Nano-hydroxyapatite can repair your teeth
Toothpaste with nano-hydroxyapatite are highly biocampatible because it is biomimetic. If you needed further convincing, look no further than the fact that your teeth are made of hydroxyapatite.
- Repairs demineralized sections of tooth. The nano-hydroxyapatite molecule inserts itself into the damaged parts to fill in all of the voids.
- Serves as a reservoir for calcium and phosphate.
- Creates a “sacrificial layer” of hydroxyapatite over the enamel. This layer receives the brunt of the acid attack first and dissolves before the enamel does. When it dissolves, it releases calcium and phosphate which can be used to remineralize the tooth and also buffer the oral environment.

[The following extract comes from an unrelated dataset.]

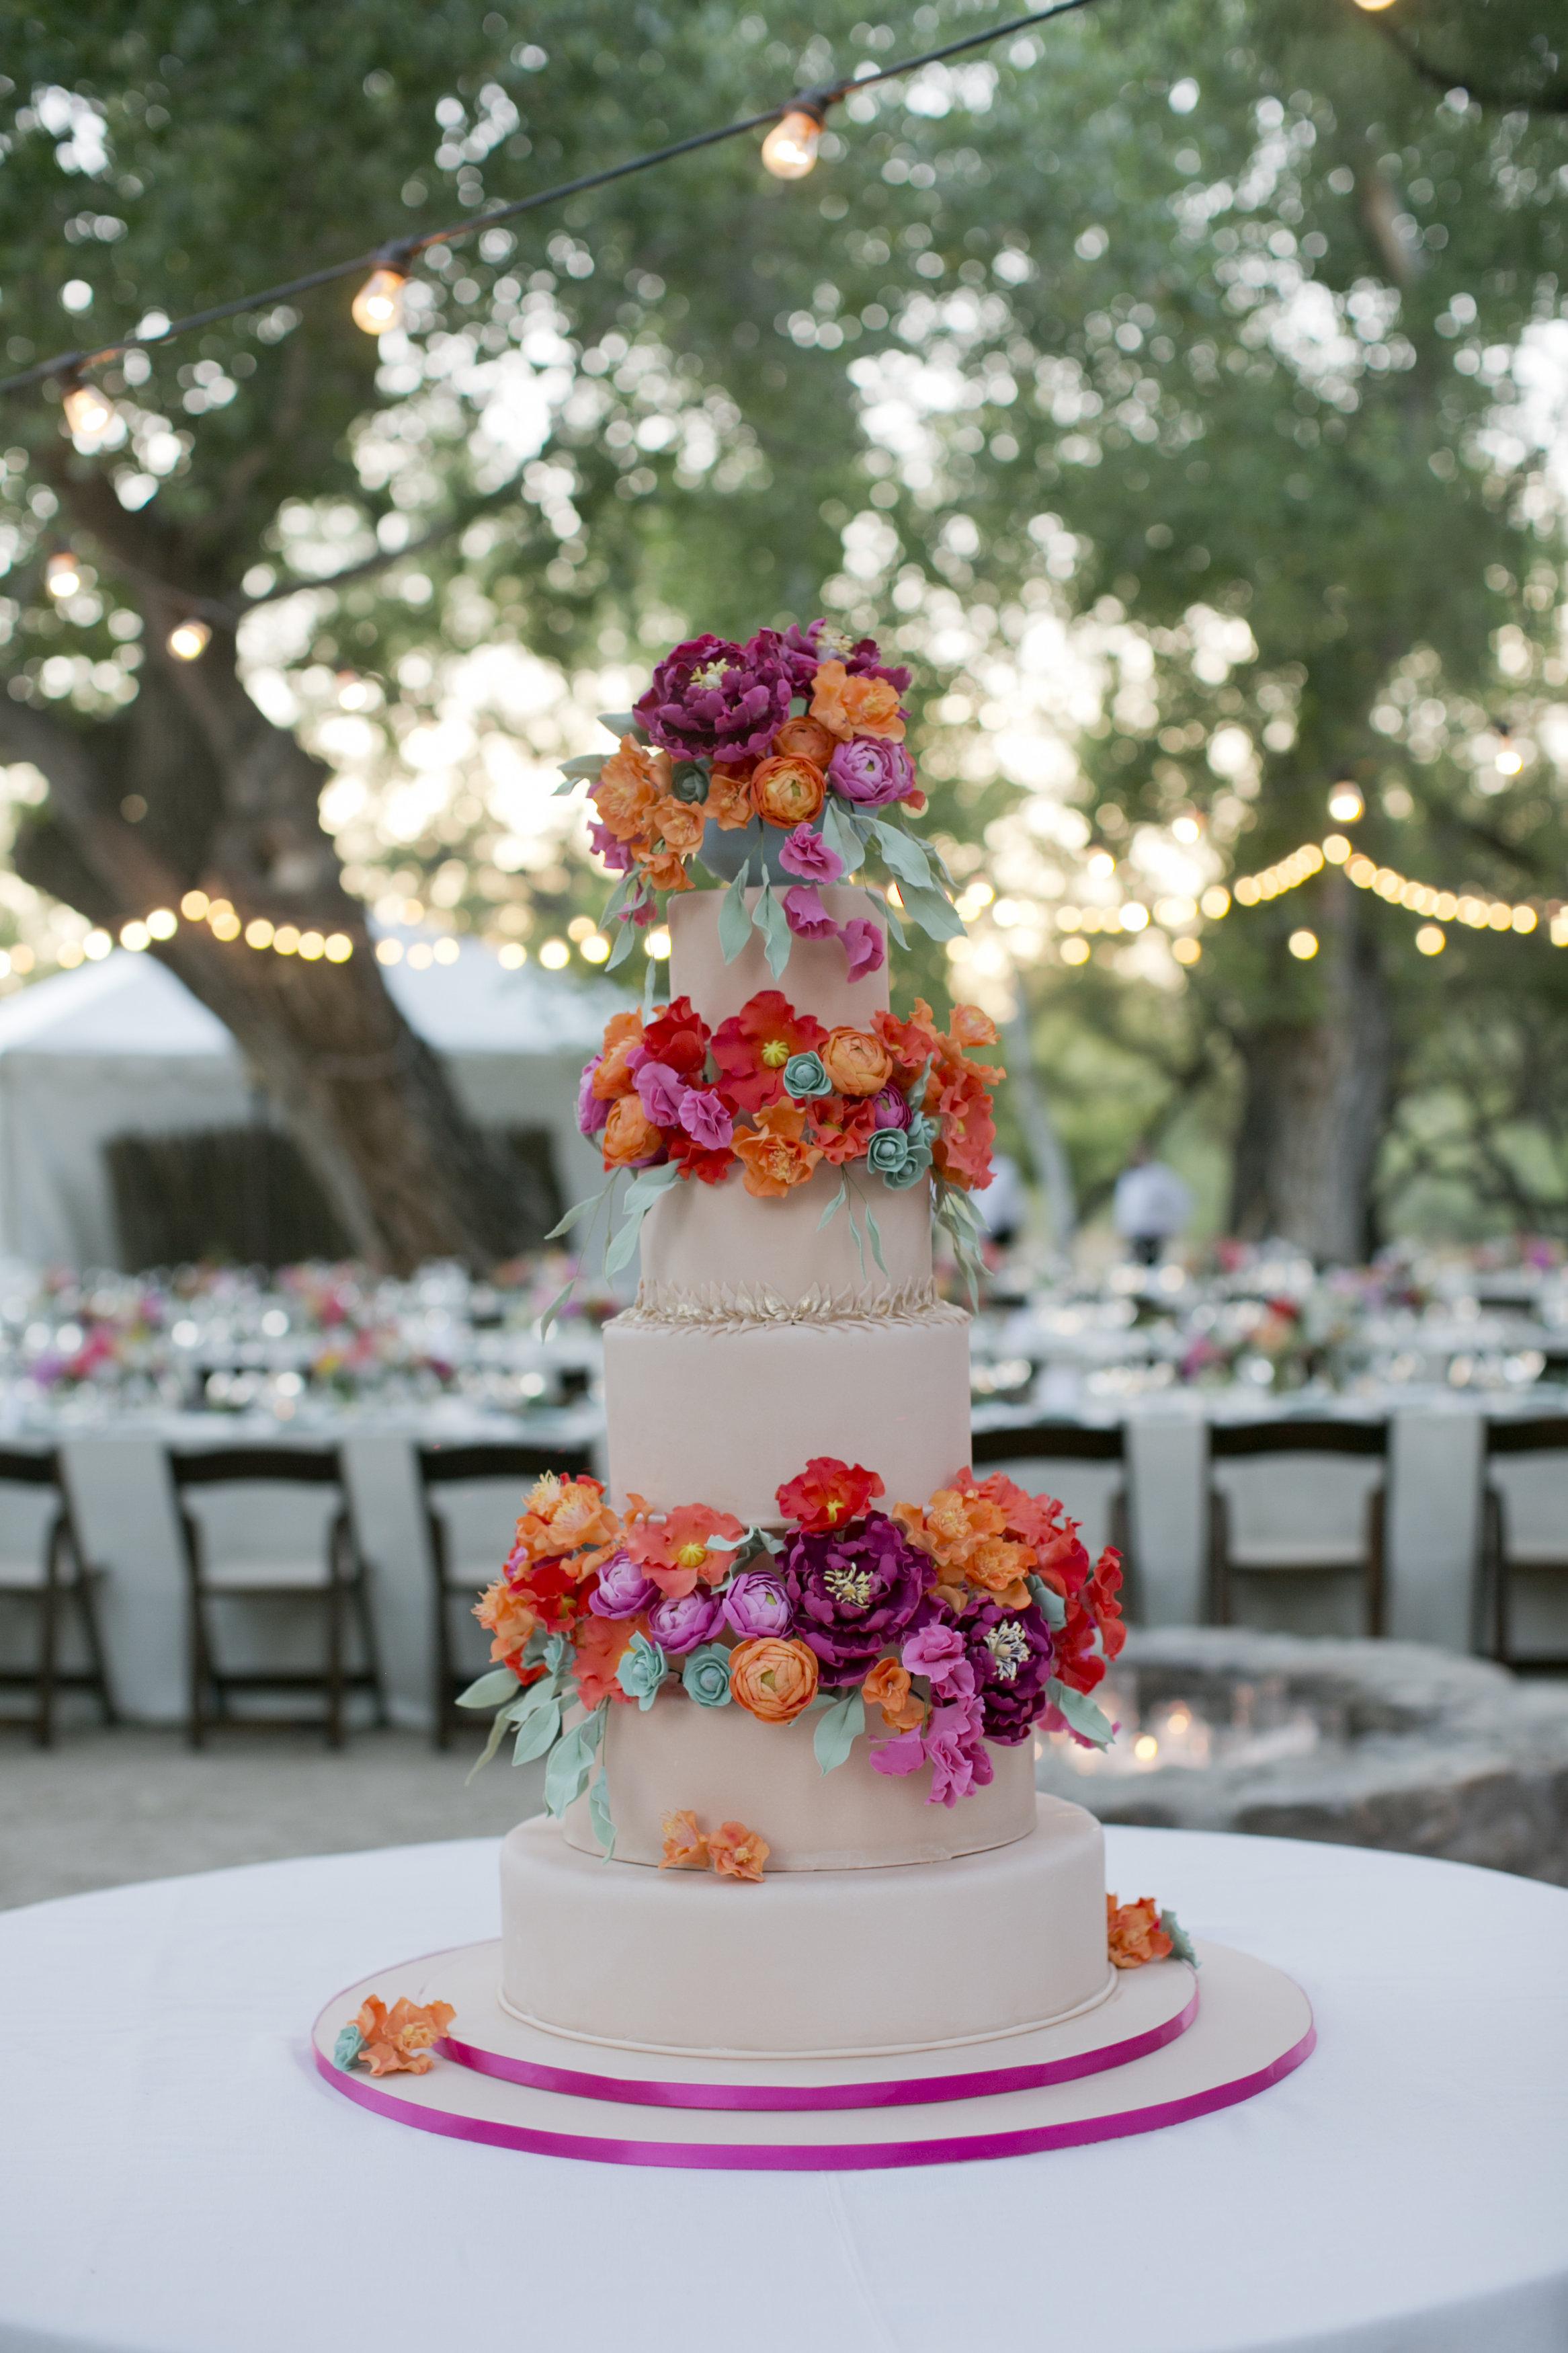 Ceci_New_York_Ceci_Style_Ceci_Johnson_Luxury_Lifestyle_Arizona_Wedding_Watercolor_Inspiration_Design_Custom_Couture_Personalized_Invitations_143.jpg

Aside from cavities, your teeth can also feel sensitive after eating sweets if you have dentinal hypersensitivity or demineralized enamel. Despite not being cavities, it doesn’t mean that you should ignore them because it can get worse or even lead to decay.
What you should do is immediately reduce the sweets intake. Then you should also use a desensitizing and remineralizing toothpaste. That should help your teeth repair itself and get stronger. Once it does, your teeth should stop hurting when you eat sweets.